It’s going to be a long-term process that requires a great deal of collaboration, but slowly, the U.S. is working toward becoming a more eco-friendly, sustainable nation. Government agencies, corporations and individual citizens will all need to be on board with this effort. Together, we can all monitor our energy and water use and progress toward a point where we’re producing more resources than we squander each day.
That may take a while, though. Reaching sustainability goals is not easy, and it requires bold leadership. The public sector will need to take a stand, and the business world will need to follow up with a strong sense of corporate social responsibility.
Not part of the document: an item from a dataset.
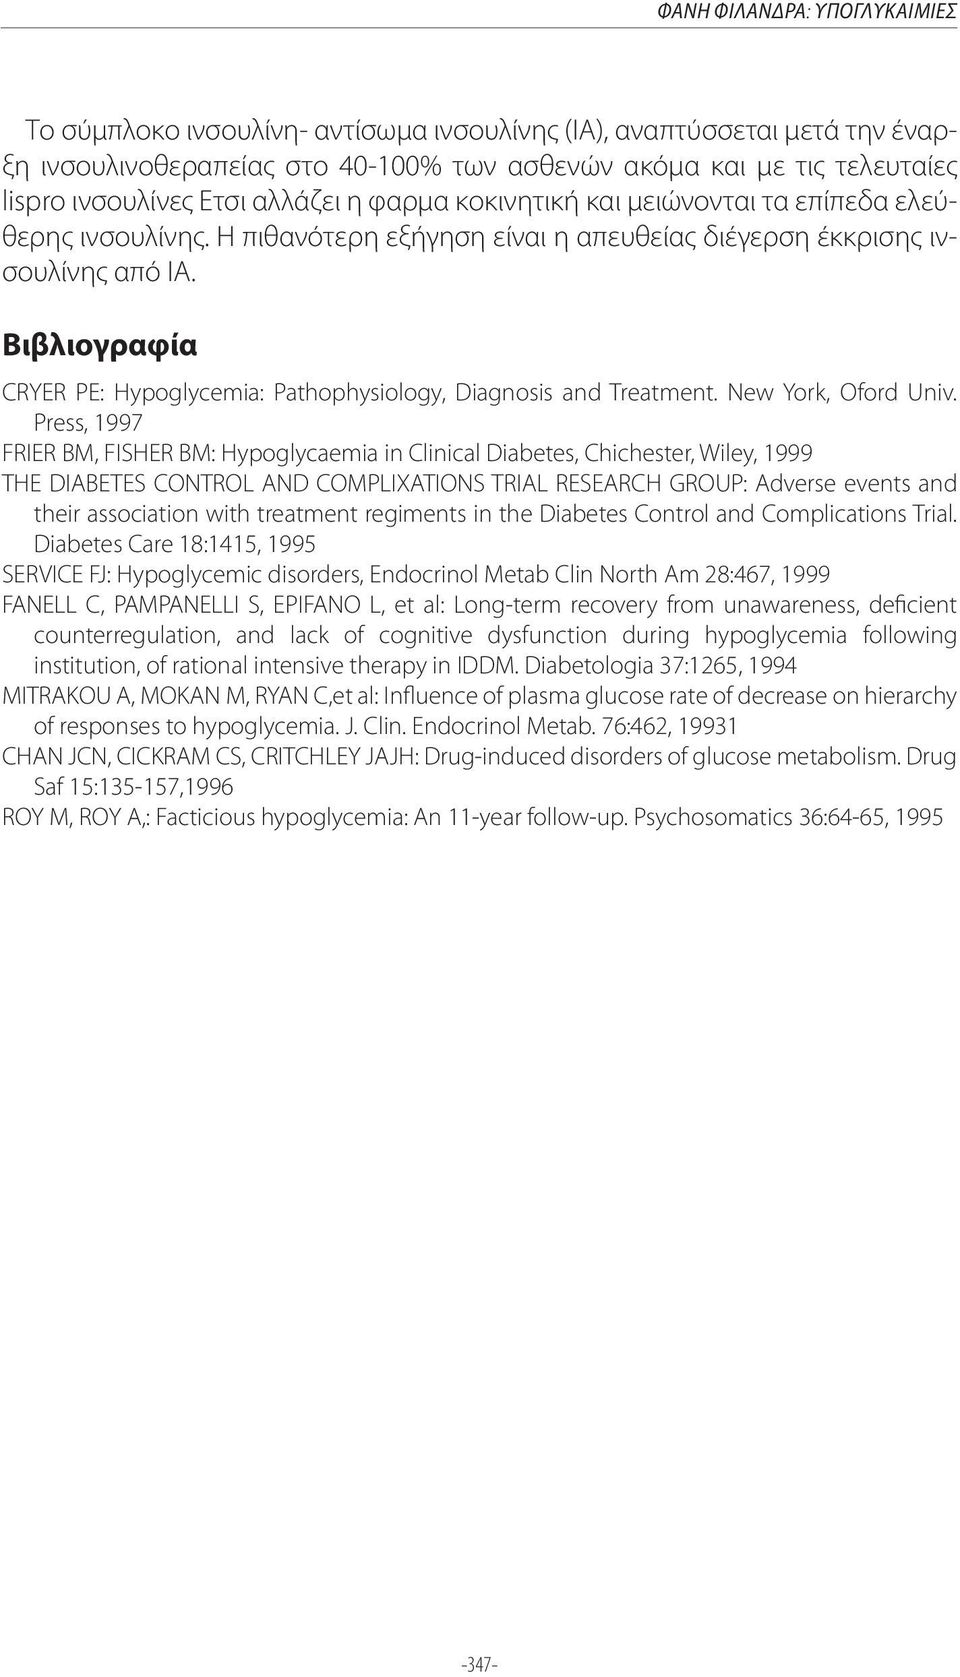 Βιβλιογραφία CRYER PE: Hypoglycemia: Pathophysiology, Diagnosis and Treatment. New York, Oford Univ.

Municipal governments are taking the lead
Perhaps the toughest question about the U.S.’ large-scale movement toward greater sustainability is where leadership will come from initially. According to The Wall Street Journal, we’re now beginning to see an answer, and it involves the nation’s big cities. Margaret Walls, research director at Washington, D.C.-based nonprofit Resources for the Future, told the newspaper that municipal governments from coast to coast are now beginning to promote green building.
“Reaching sustainability goals is not easy, and it requires bold leadership.”
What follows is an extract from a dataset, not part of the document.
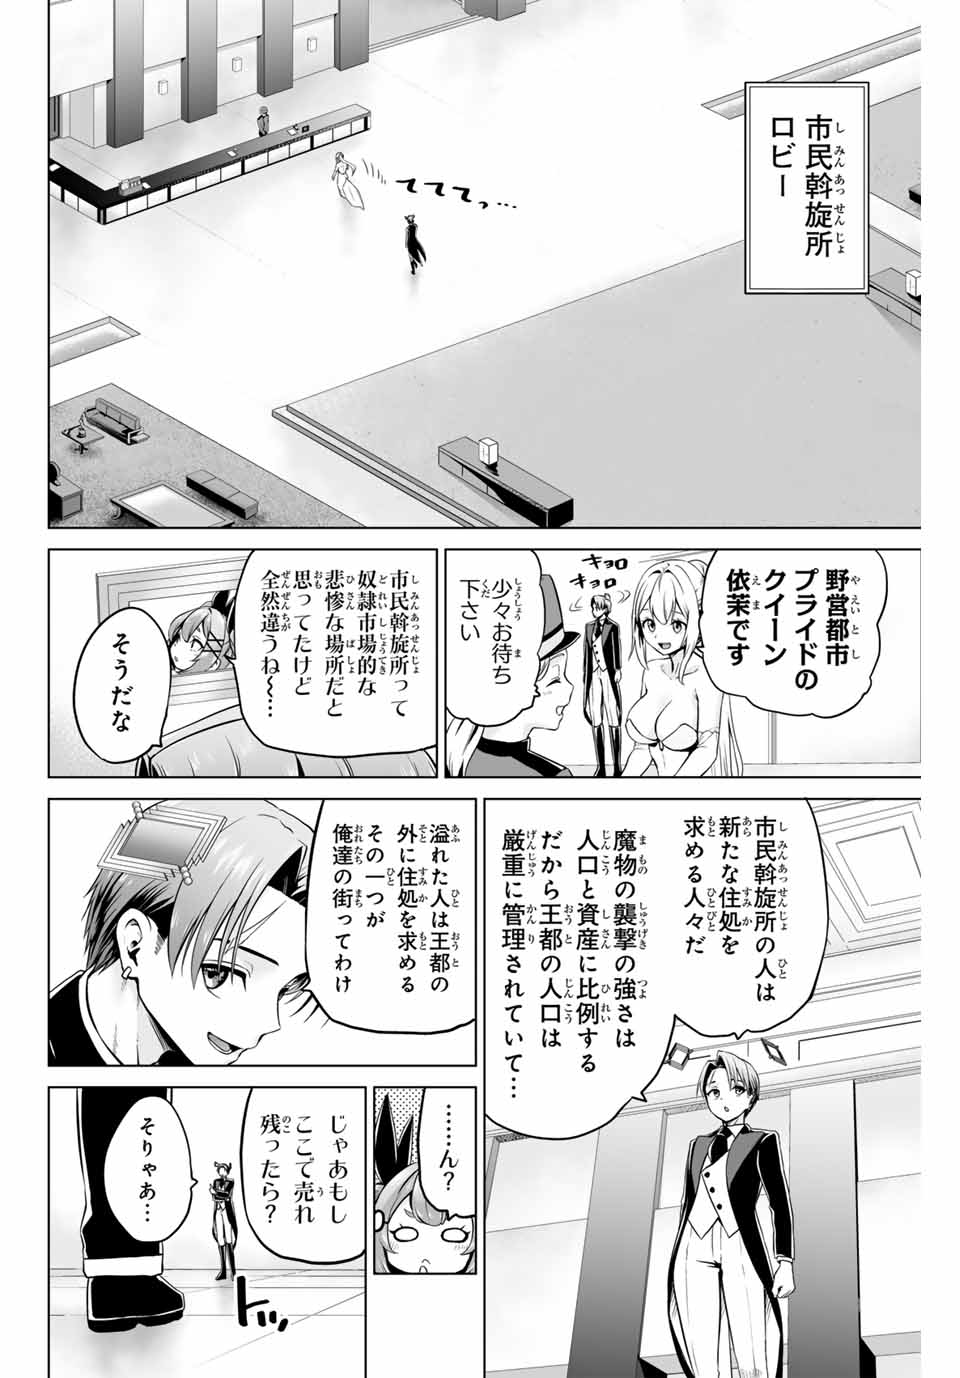 Gunshin No Takuto - Chapter 20 - Page 6

“[The cities’] benchmarking and disclosure laws may be having the greatest impact,” Walls argued. “They require commercial, and in some cities, multi-family residential property owners to report annual energy use and use the Energy Star software program to benchmark that energy use relative to other buildings.”
Washington, D.C., Austin, New York City, Portland, Oregon, Atlanta and Kansas City, Missouri are among the cities that have led the way by passing progressive energy policies designed to reduce waste and maximize energy efficiency. The hope is that if these cities blaze a trail, businesses and residents therein will follow suit, and a movement will begin to form.
Better data helps drive results
In the effort to improve sustainability practices, one thing everyone involved needs is clear data. With every investment you make, you want to know what you’re getting back. Calculating your ROI helps you improve future decision-making.
Indeed, Walls told the WSJ that better analytics have been a driving force behind the sustainability movement.
“Most of the early advances have come from use of ‘big data,'” she said. “New companies have sprung up to provide real-time, energy-use data – often at 15-minute intervals – to building owners to help them better understand daily patterns of energy use, identify anomalies when and where they occur and optimize operational improvements.”
Looking at the data and adjusting accordingly is a key strategy. Every time a company makes a new investment – for instance, installing a high-efficiency water heater – it needs to know whether the move is paying off.
Efficient water heaters play a pivotal part
If your organization is looking for infrastructure upgrades that can provide a clear, measurable positive impact on sustainability, then look no further than purchasing a commercial tankless water heater.
Research from the U.S. Department of Energy indicates that tankless heaters are between 8 percent and 34 percent more energy-efficient than a storage water heater. This is a tangible improvement which you can use you free up resources to invest in other parts of your business. Soon, you’ll realize what all of America is figuring out – that greater eco-friendliness and a healthier financial bottom line go hand in hand.